From award-winning Toronto-based poet Doyali Islam comes a second collection of poems that investigates rupture and resilience.
GRIFFIN POETRY PRIZE FINALIST
PAT LOWTHER MEMORIAL AWARD FINALIST
TRILLIUM BOOK AWARD FOR POETRY FINALIST
How does one inhabit a world in which “the moon / & the drone hang in the same sky”? How can one be at home in one’s own body in the presence of suspected autoimmune illness, chronic/recurrent pain, and a society that bears down with a particular construct of normal female sexual experience? What might a daughter salvage within a fraught relationship with a cancer-stricken father? Uncannily at ease with both high lyricism and formal innovation and invention, these poems are unafraid to lift up and investigate burdens and ruptures of all kinds–psychic, social, cultural, physical, and political.

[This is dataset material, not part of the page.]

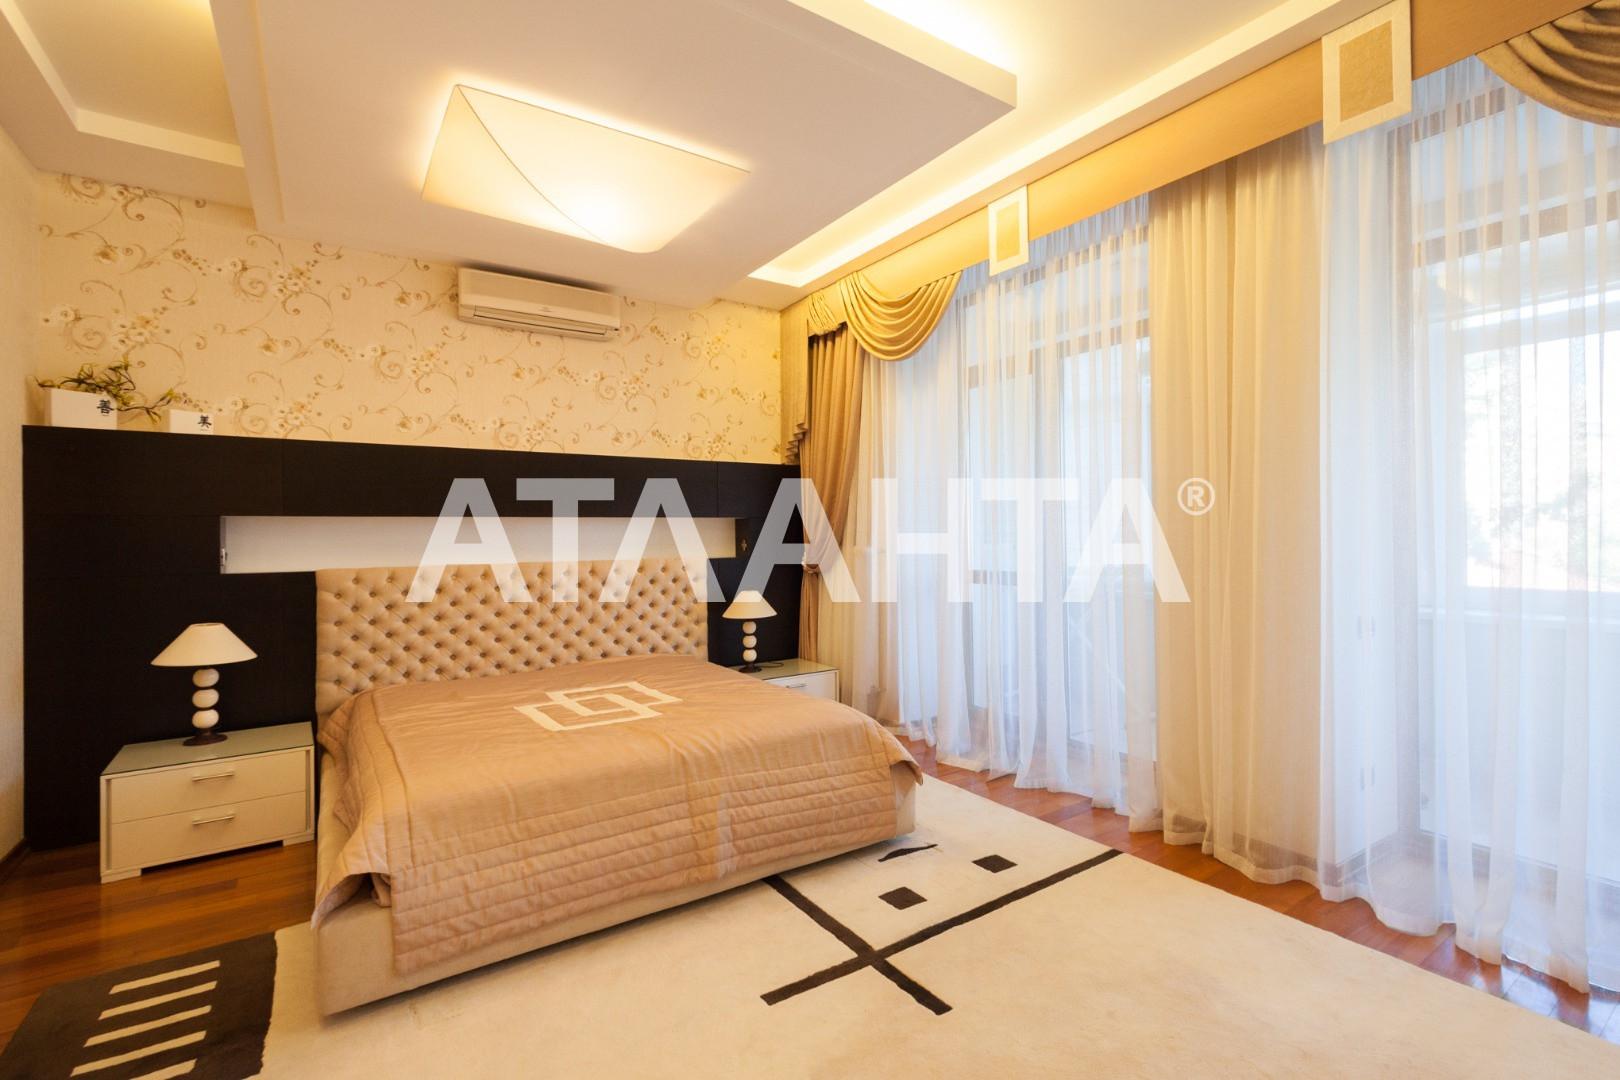 Продается 3-комнатная Квартира на ул. Педагогический Пер. — 230 000 у.е. (фото №7)

Providing continuity over the poet’s visually-arresting forms–including Islam’s self-termed split sonnets, double sonnets, and parallel poems–is allied remembrance of the resilience of the Palestinian people. Yet, the work doesn’t always stray far from home, with a quintet of astro-poems that weave together myth and memory.
Here is a poet small in stature, unwilling to abandon to silence small histories, small life forms, and the small courages and beauties of the ordinary hour. In these rigorous, intimate, and luminous poems, the spirit of the everyday and the spirit of witness bind fiercely to one another. heft is a ledger of tenderness, survival, and risk.